WHAT YOU ARE ASKED TO DO
Would you please print exactly the lines that run from the one with "Olive jacket, white" to the last line of the data, both included, without any pictures?

MATERIAL PROVIDED
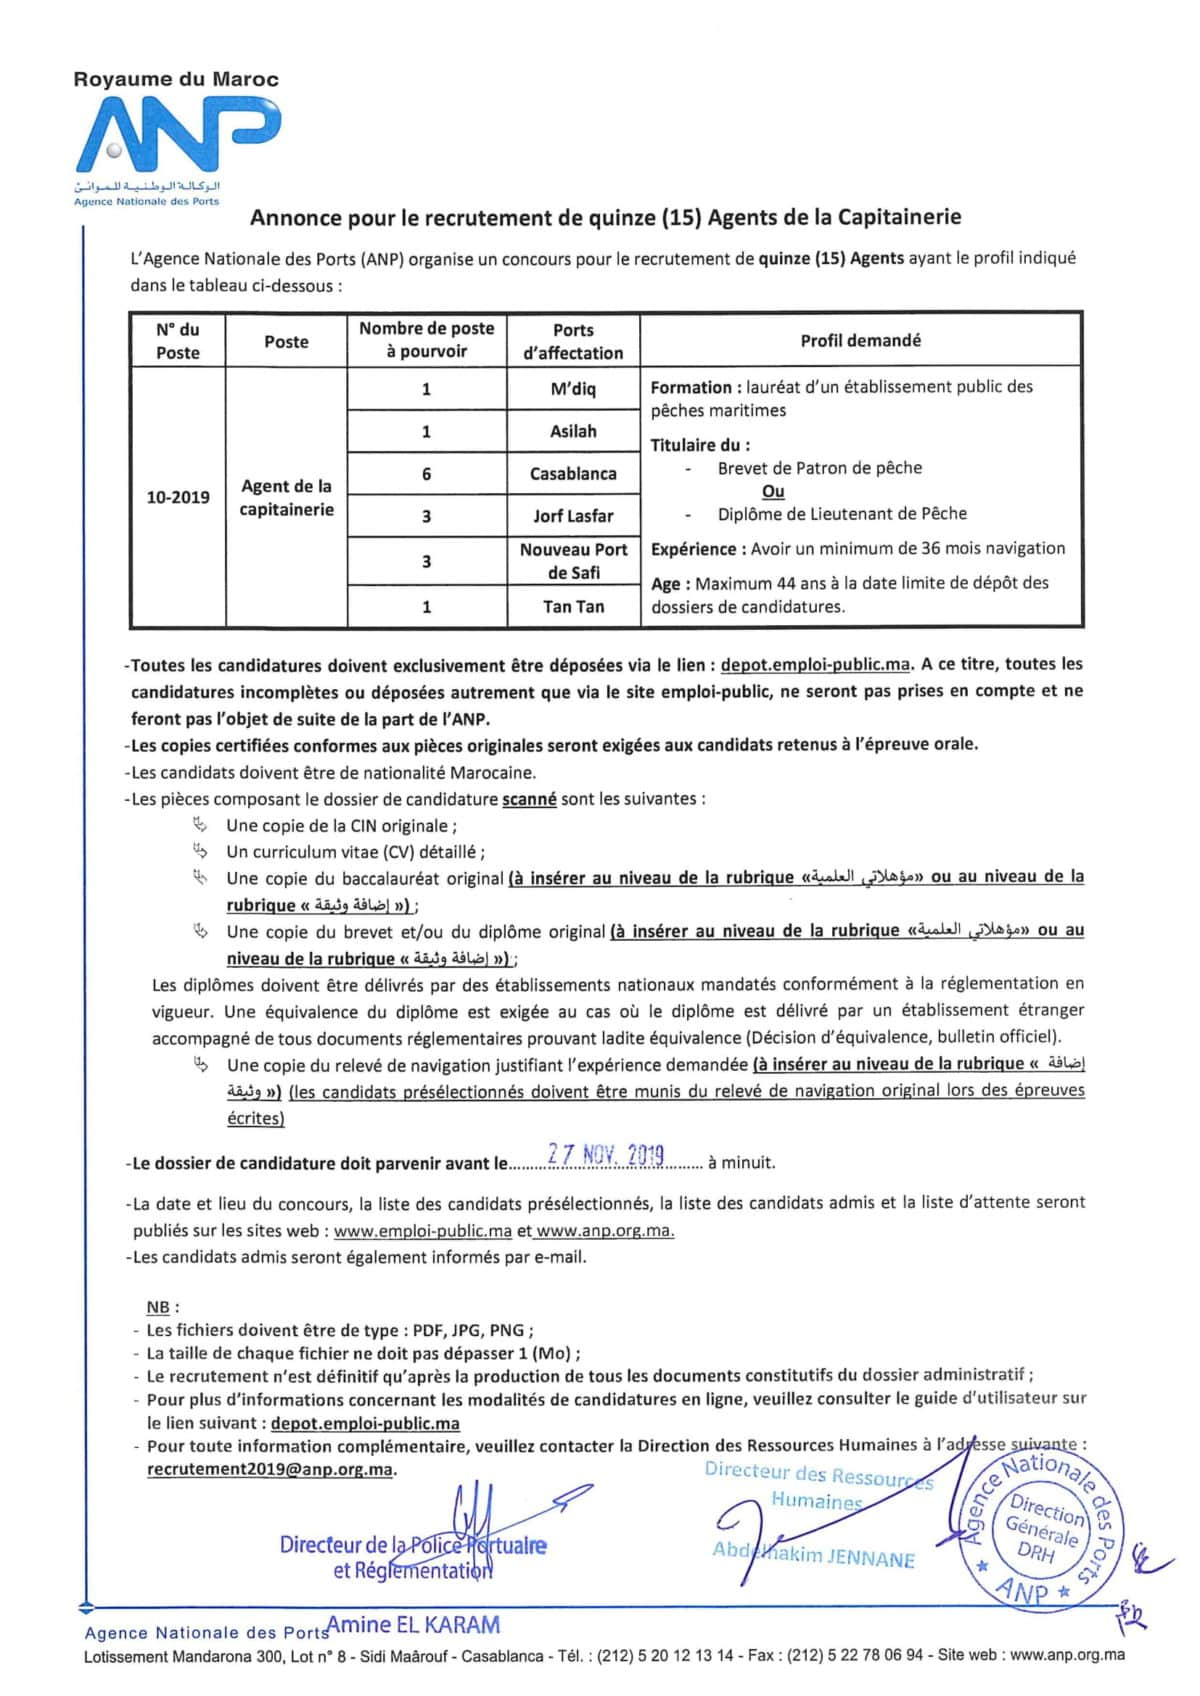 102019AnnonceAgentdelaCapitainerie2019 1 Concours Agence Nationale des Ports (16 Postes)
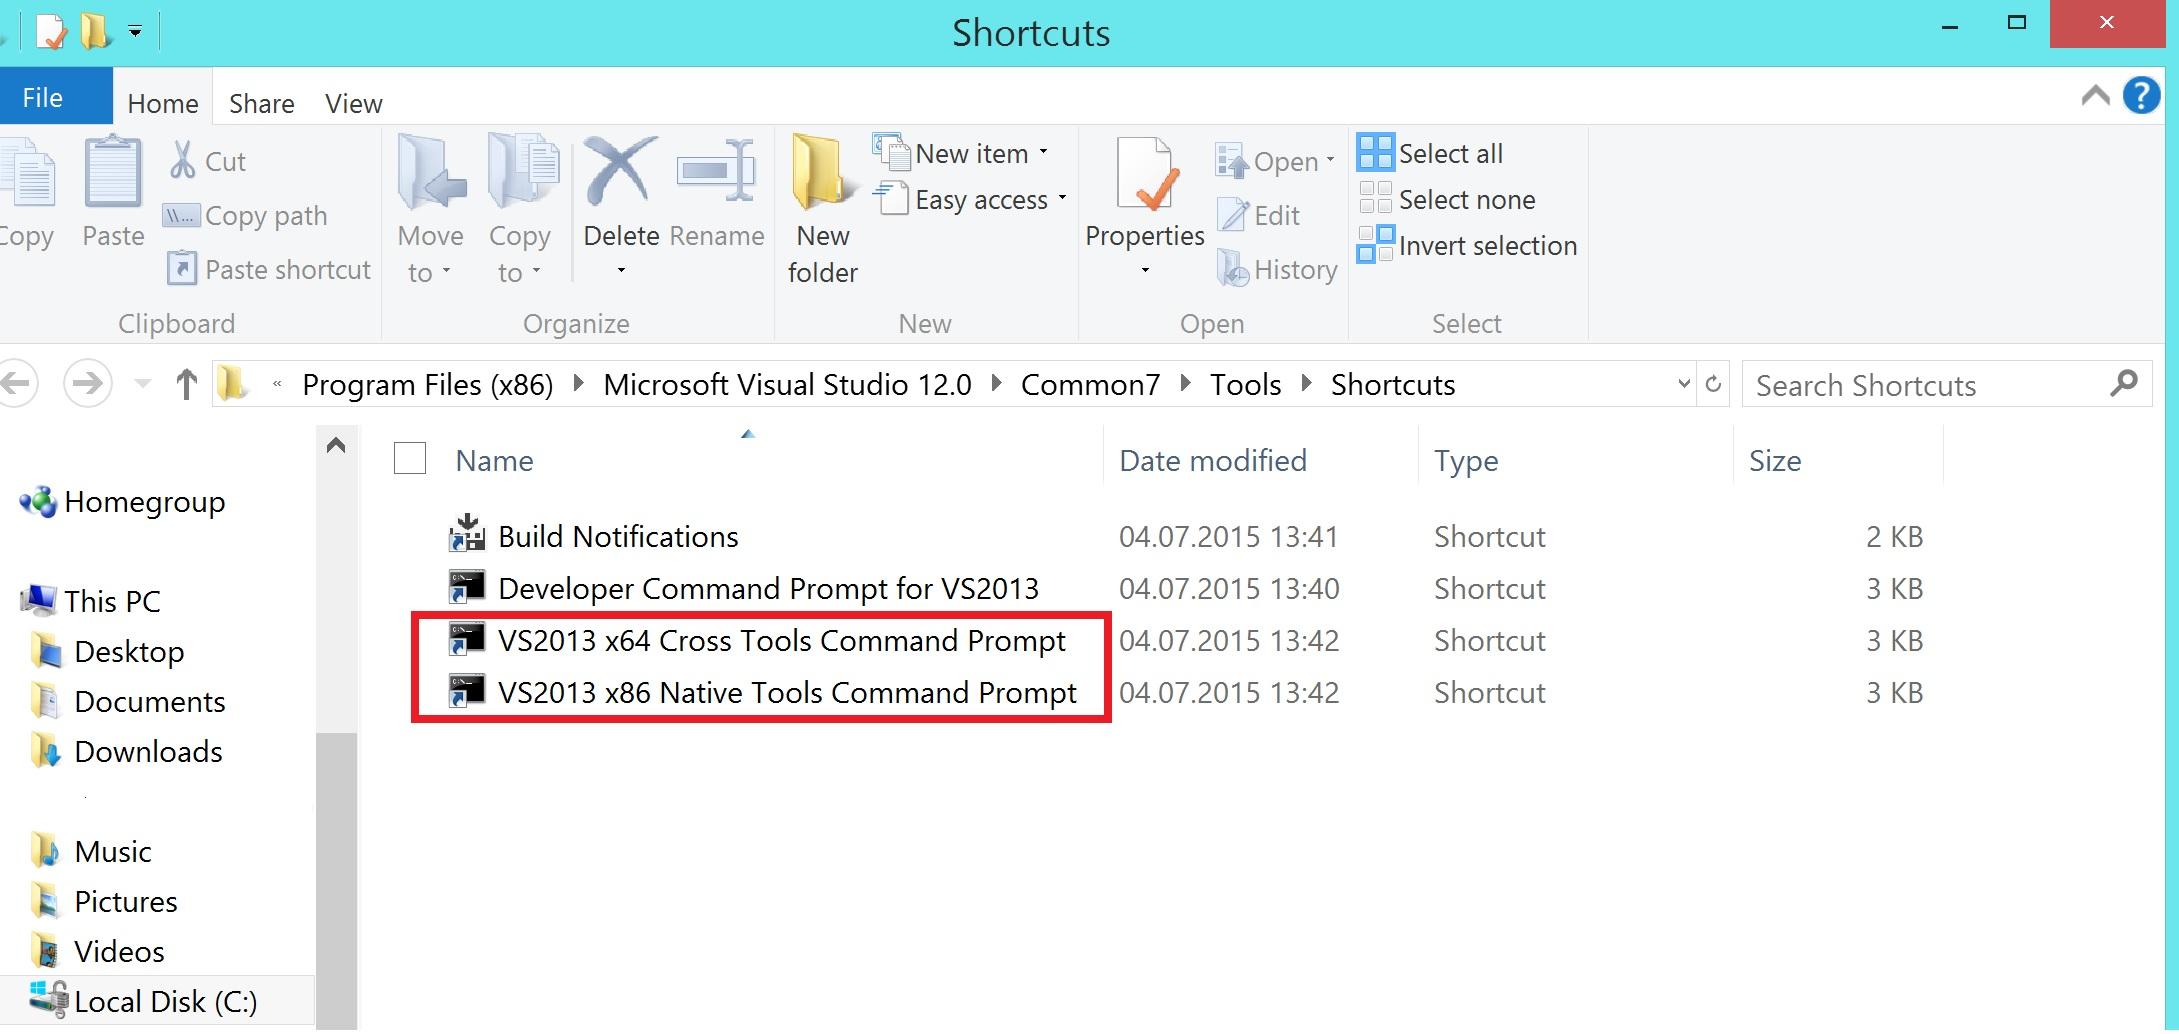 VisualStudioCMDShortcuts
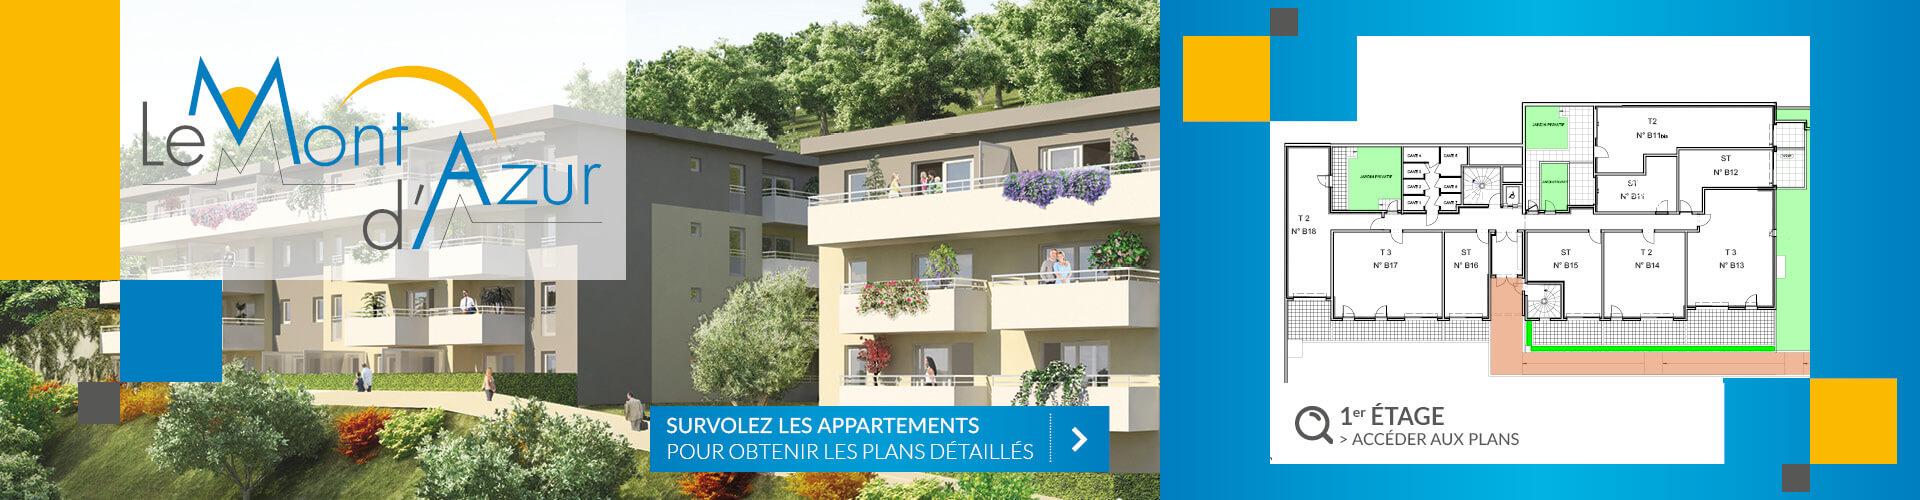 Résidence Mont d'Azur 1er étage Segeprim
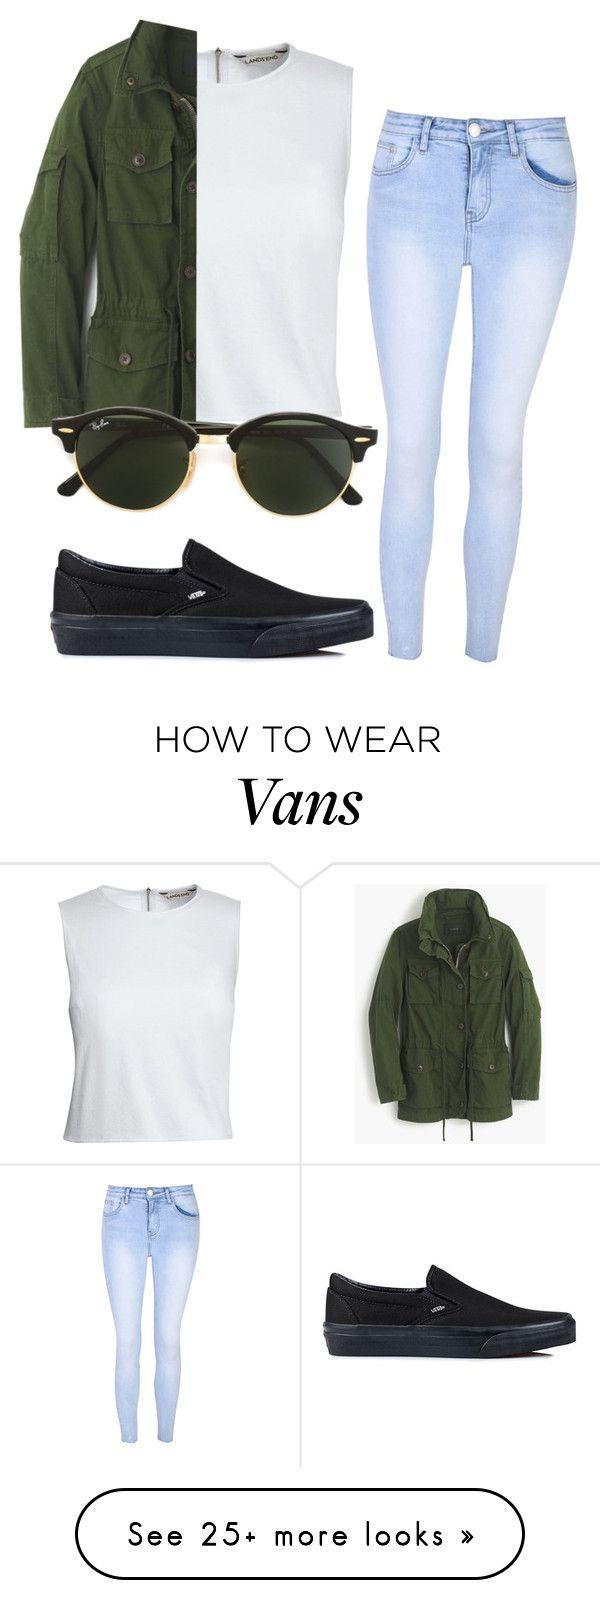 Olive jacket, white tank, light denim jeans, black vans
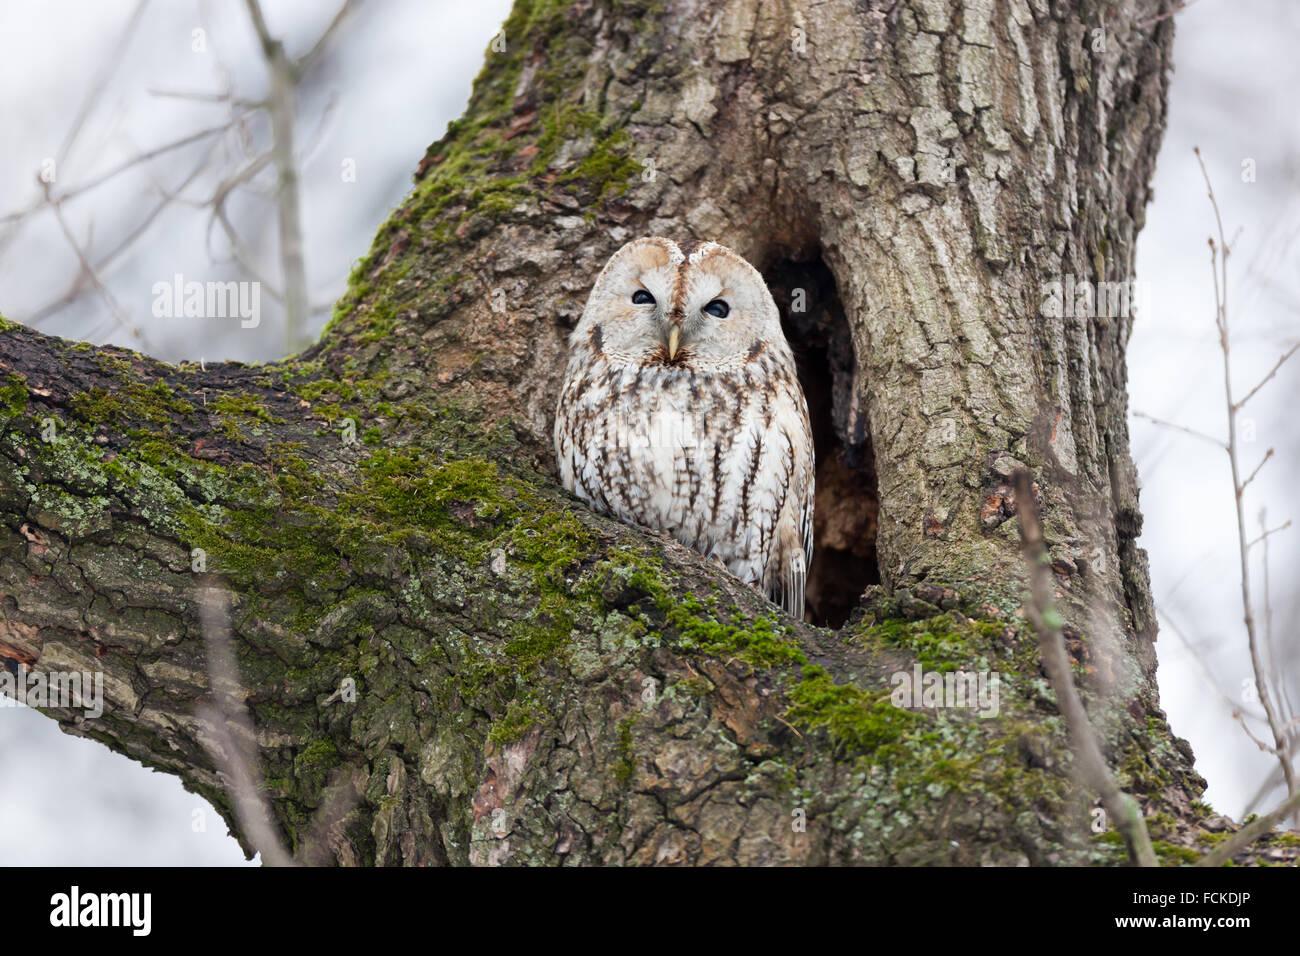 Tawny Owl (Strix aluco). Moscow. Russia. - Stock Image

EXERCISE RESPONSE
 Olive jacket, white tank, light denim jeans, black vans
 Tawny Owl (Strix aluco). Moscow. Russia. - Stock Image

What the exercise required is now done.